- [RECORDED INFORMATION]
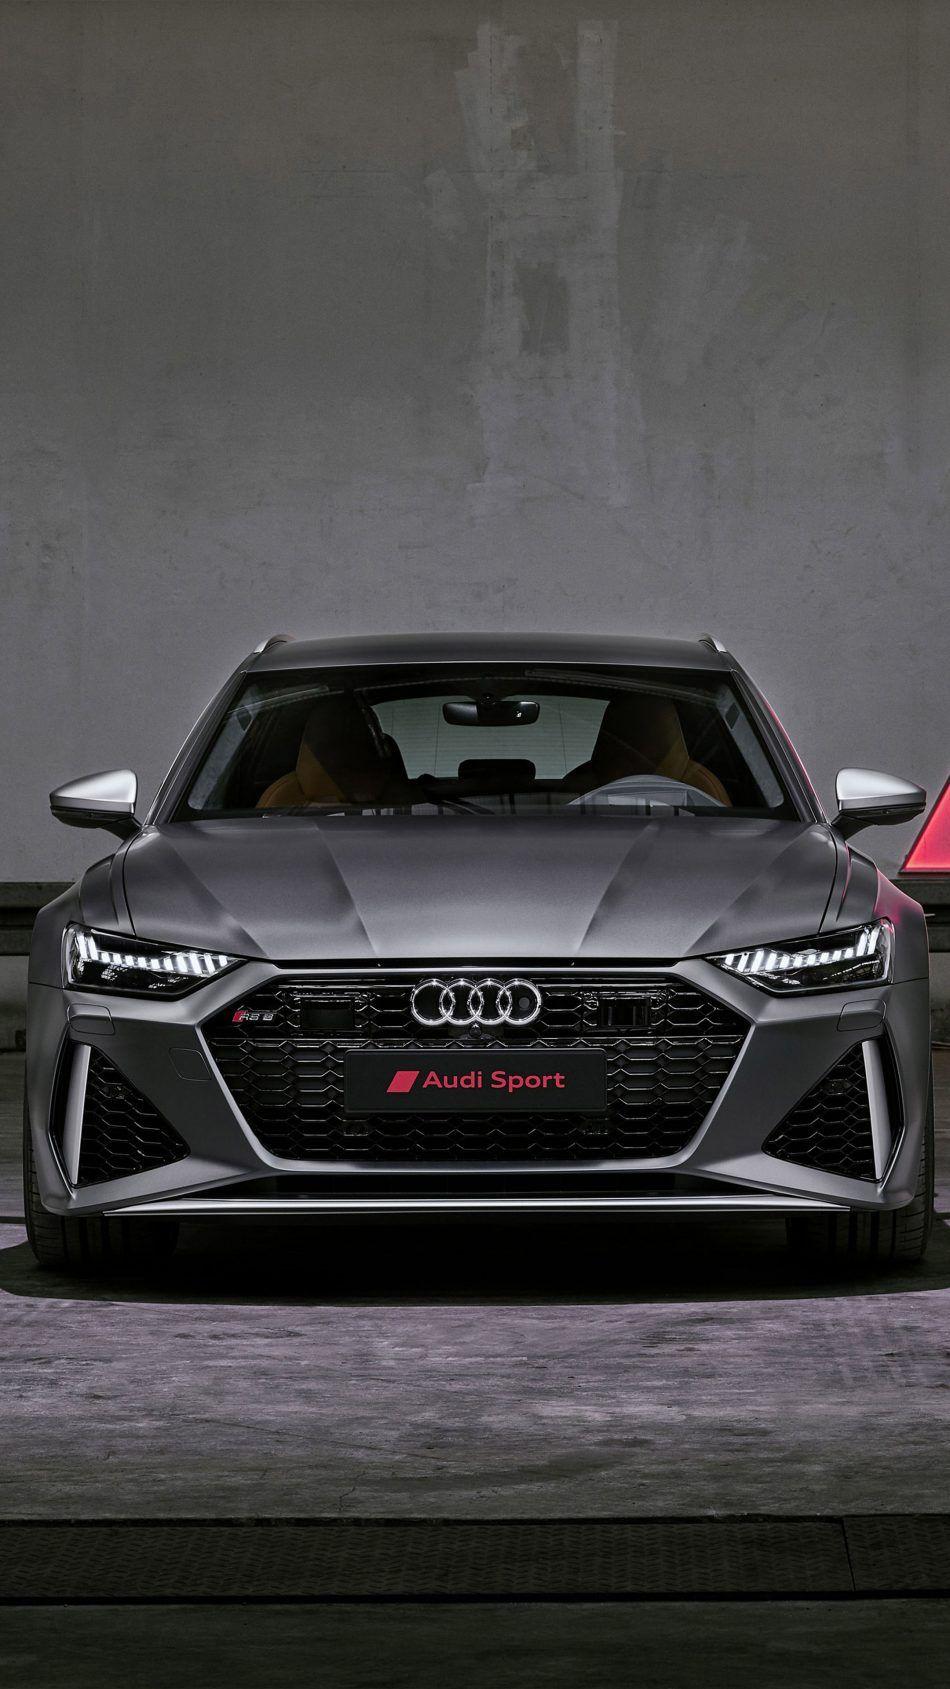 Audi Rs6 Avant 2020 Audi Rs6 Audi Super Sport Cars
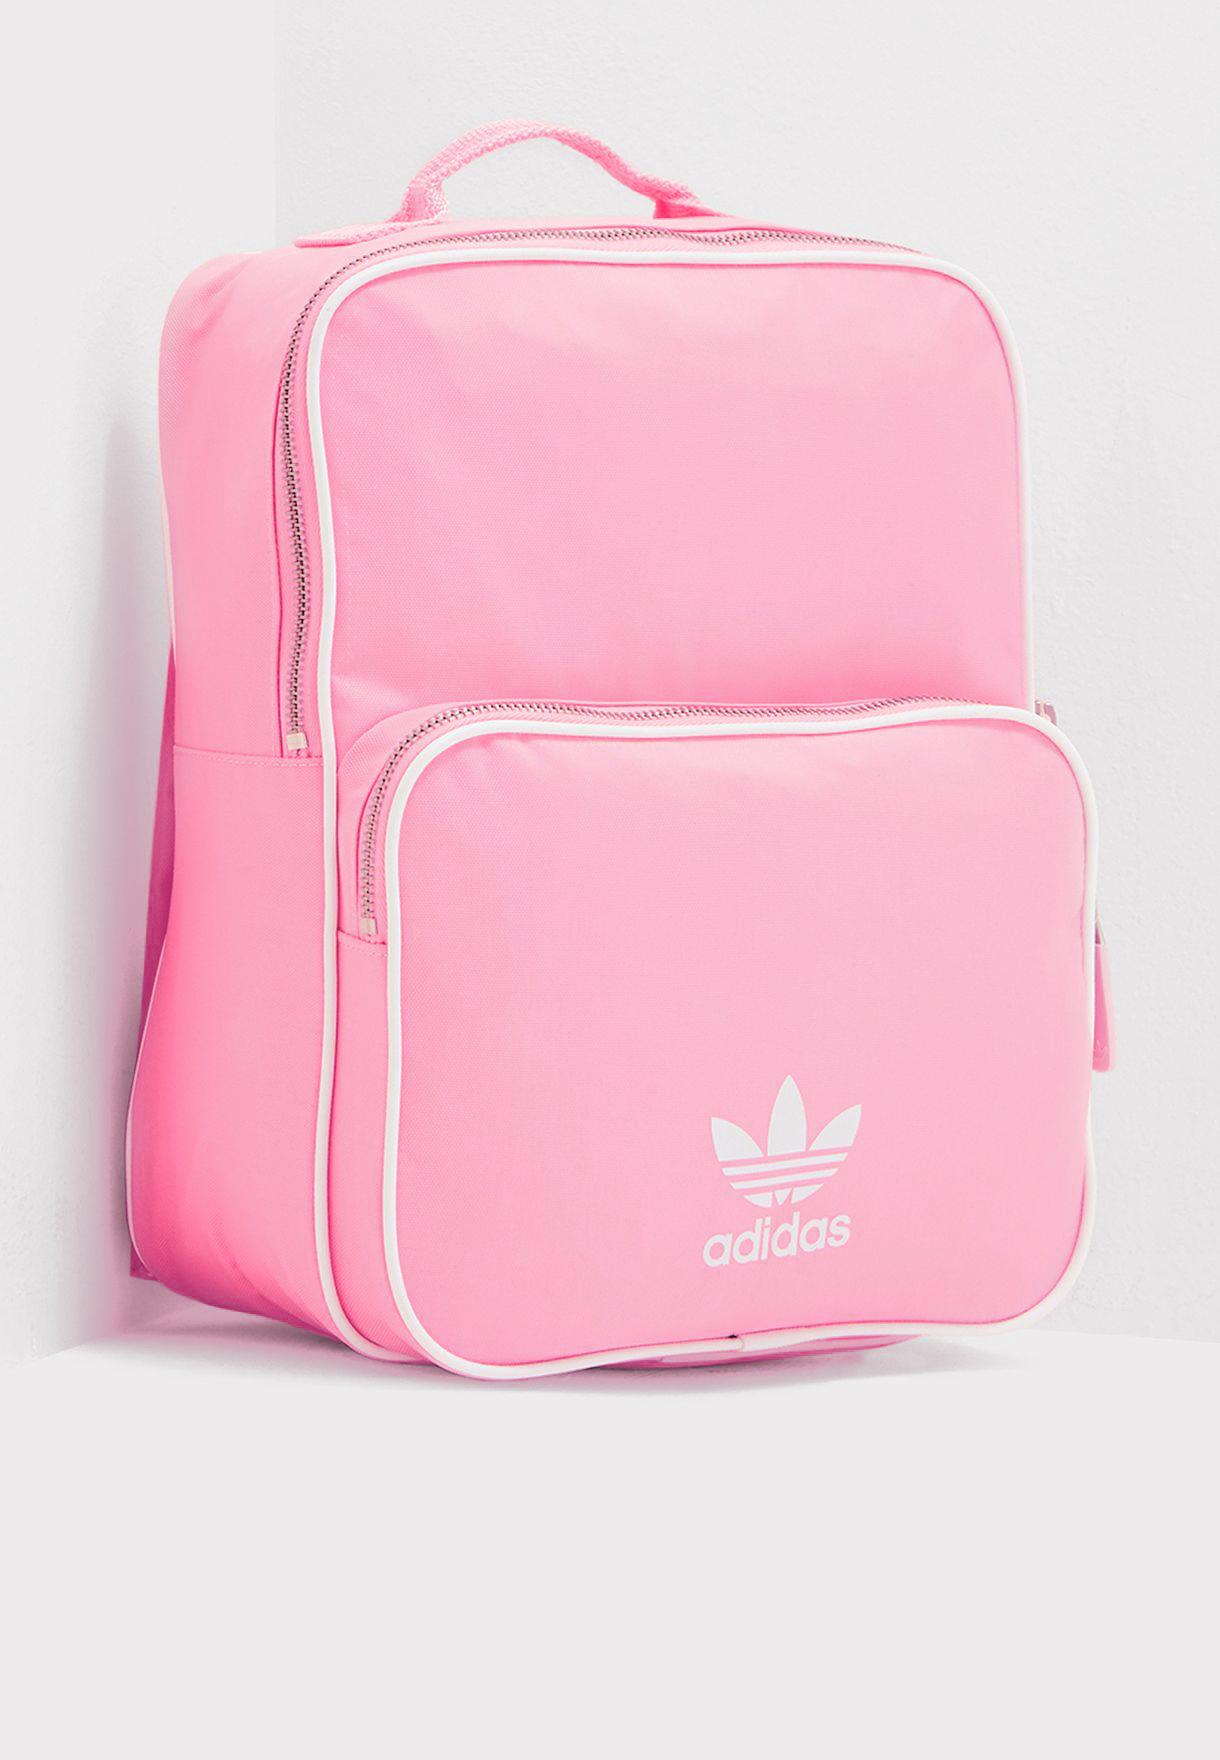 48cbdba0b00b6 adidas Originals Classic Medium Backpack - SPORTING GOODS Backpacks ...
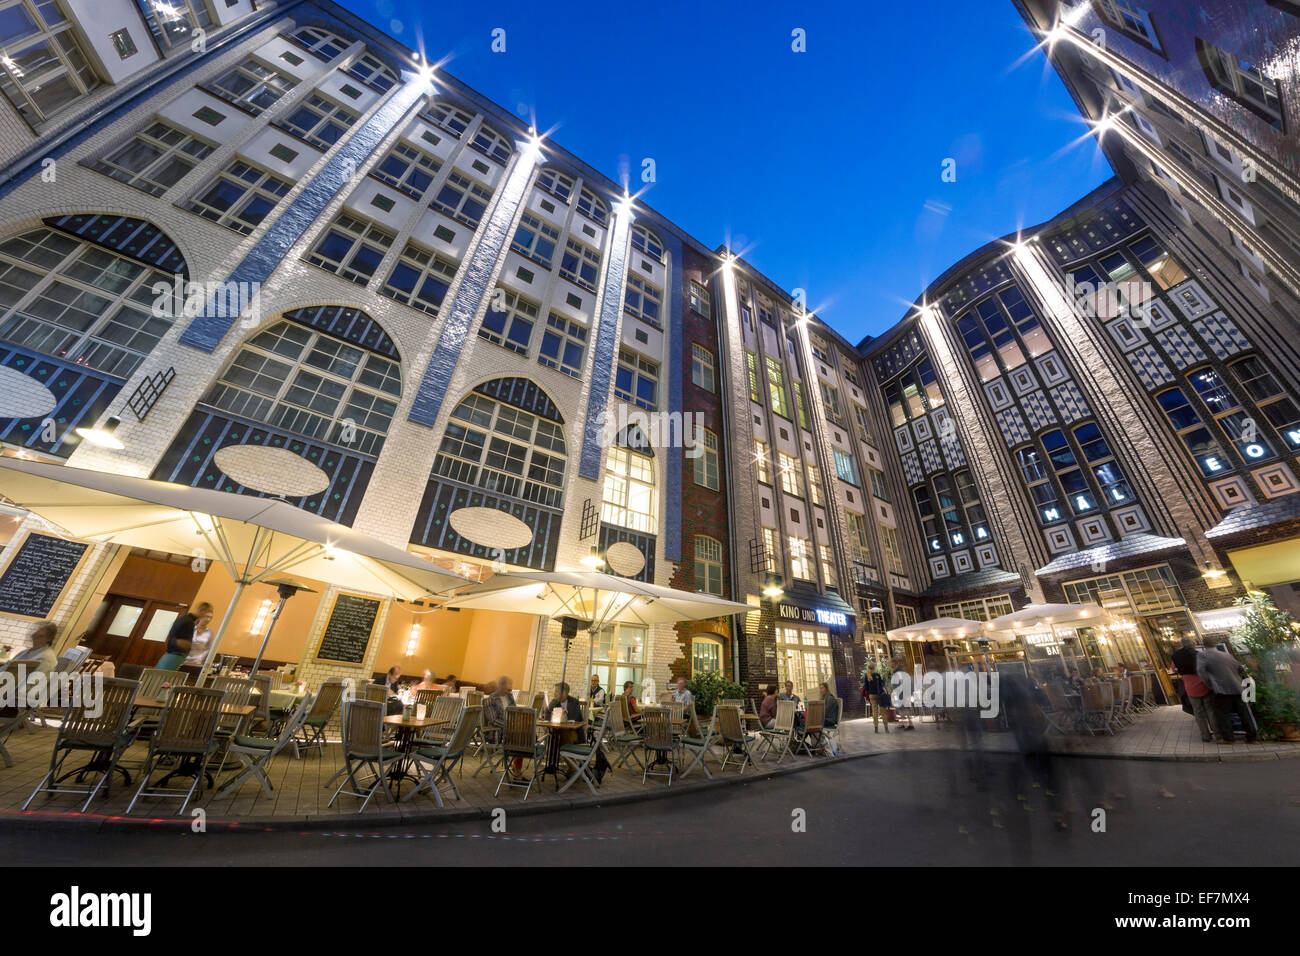 Hackesche Hoefe, Hakesch Courtyard, Fisheye, Berlin, Germany - Stock Image

- [TASK DIRECTIONS] The reply should consist only of the lines running from the one with "48cbdba0b00b6 adidas Originals" through the end of the material, both included, copied exactly; please omit pictures.

- [ANSWER SPACE]
 48cbdba0b00b6 adidas Originals Classic Medium Backpack - SPORTING GOODS Backpacks ...
 Hackesche Hoefe, Hakesch Courtyard, Fisheye, Berlin, Germany - Stock Image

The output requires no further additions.